Thursday, July 19, 2012

Werdyab Videos


DANCE WALKING
An informerical about the hottest new exercise craze called dance walking. But let's be honest, nobody really cares about this exercise idea.  They just want to see me embarrass myself in public.




EVOLUTION OF DANCE
Let me take you on a musical journey from the 60s to today as I perform dance classics like the running man, the sprinkler, the snake, and whatever hot mess Ke$ha calls "dancing".




MAKING OF THE EVOLUTION OF DANCE
Ever wonder what it's like to make an Evolution of Dance video?  Well, it's awful.  And it's bad for a marriage.  WRITE THAT ONE DOWN. 




ELLEN'S DANCE DARE AT DISNEY WORLD
Ellen DeGeneres challenges viewers to dance behind unsuspecting strangers in public places.  Can you think of a better place to do that than at Disney World?  Me neither.



THE WALMART SONG 
Have I ever told you that I'm a songwriter?  Or that I had a reality television show for it?  That's weird, it's usually the first thing I brag about, because really, what says "I'm awesome" more than "I was cast for a reality television show."  Ahem.  Check out this song that I wrote about Walmart, inspired by the real People of Walmart.  




MOMDAY MORNINGS 
This was the first topic in my video series called MOMday Mornings.  My original plan was to put out bi-monthly videos, but, uh, this one posted in March and I haven't posted another one since.  I swear I'll stop procrastinating tomorrow probably. 
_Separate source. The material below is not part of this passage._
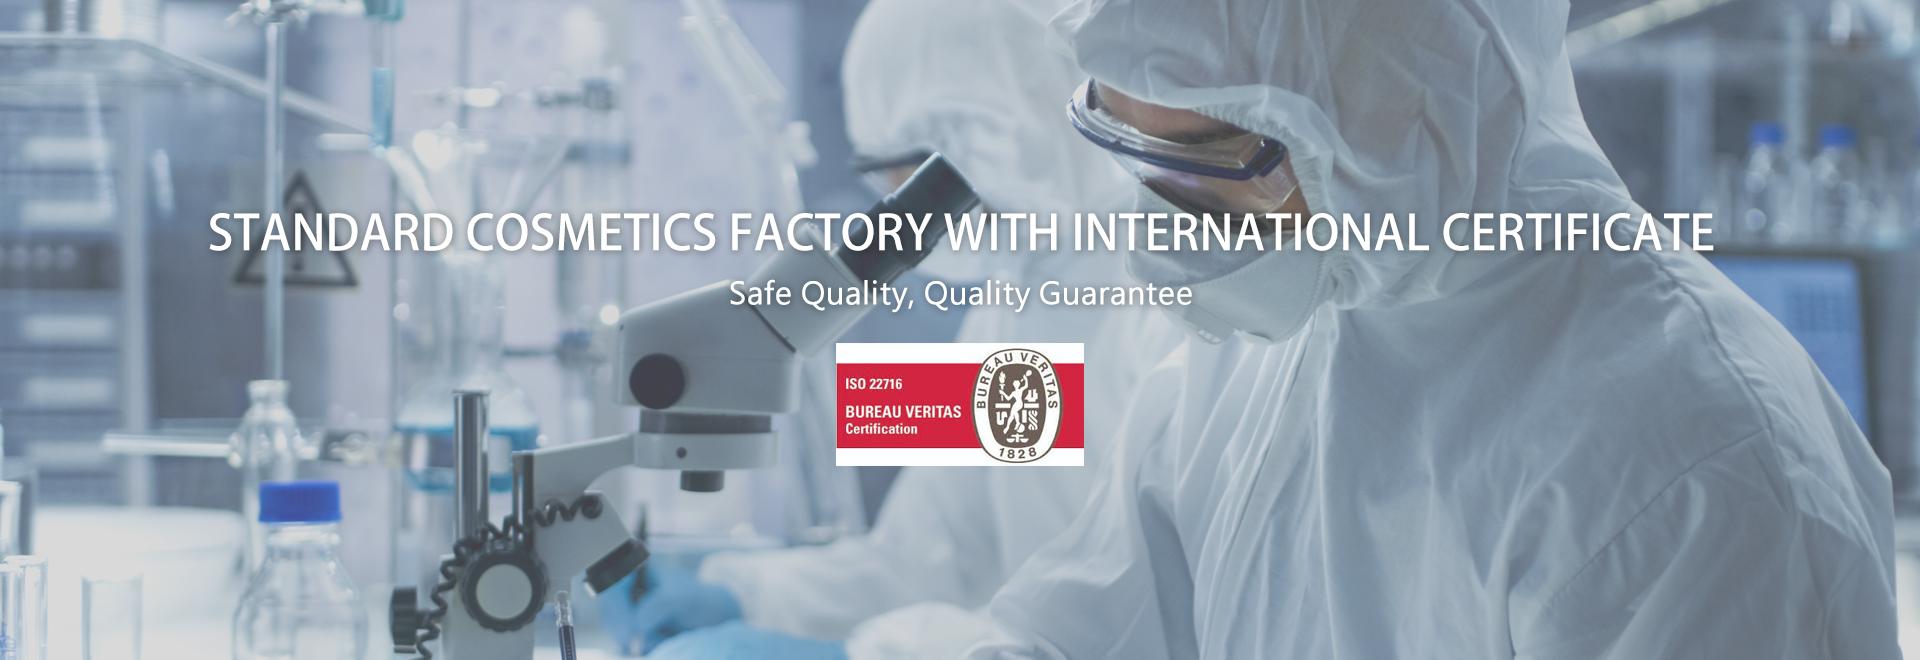 ISO22716 國際GMP

HEY DREW (HEY JUDE PARODY)
The church nursery worker thought that Drew said he name was Jude, but he didn't.  Awww!  Bless his little Toddlish speakin' heart!  And thus, a Beatles parody was born.




NKOTB FRONT ROW
Donnie Wahlberg kissed me.  And that's all I have to say about that. 




MOMMY RHAPSODY
My church was like, "Who can we get to embarrass herself in front of the entire congregation?  Oh, I know!  That girl who blogs!"  And I'm sorry to report that my grandmother will never get over me saying "butt" or doing cartwheels in the house of the Lord.




CHRISTMAS MORNING BUST
This past Christmas, I wondered if my 10-year-old daughter knew that Santa Claus wasn't real.  With her probably knowing and me knowing that she probably knew and her probably knowing that I knew she probably knew, it was pretty uncomfortable.    




TODDLER TRUTH
What started out as a cute, sweet video took a vicious left turn when Brian asked Drew, "What does a Mama say?"  Well, at least I know he's listening.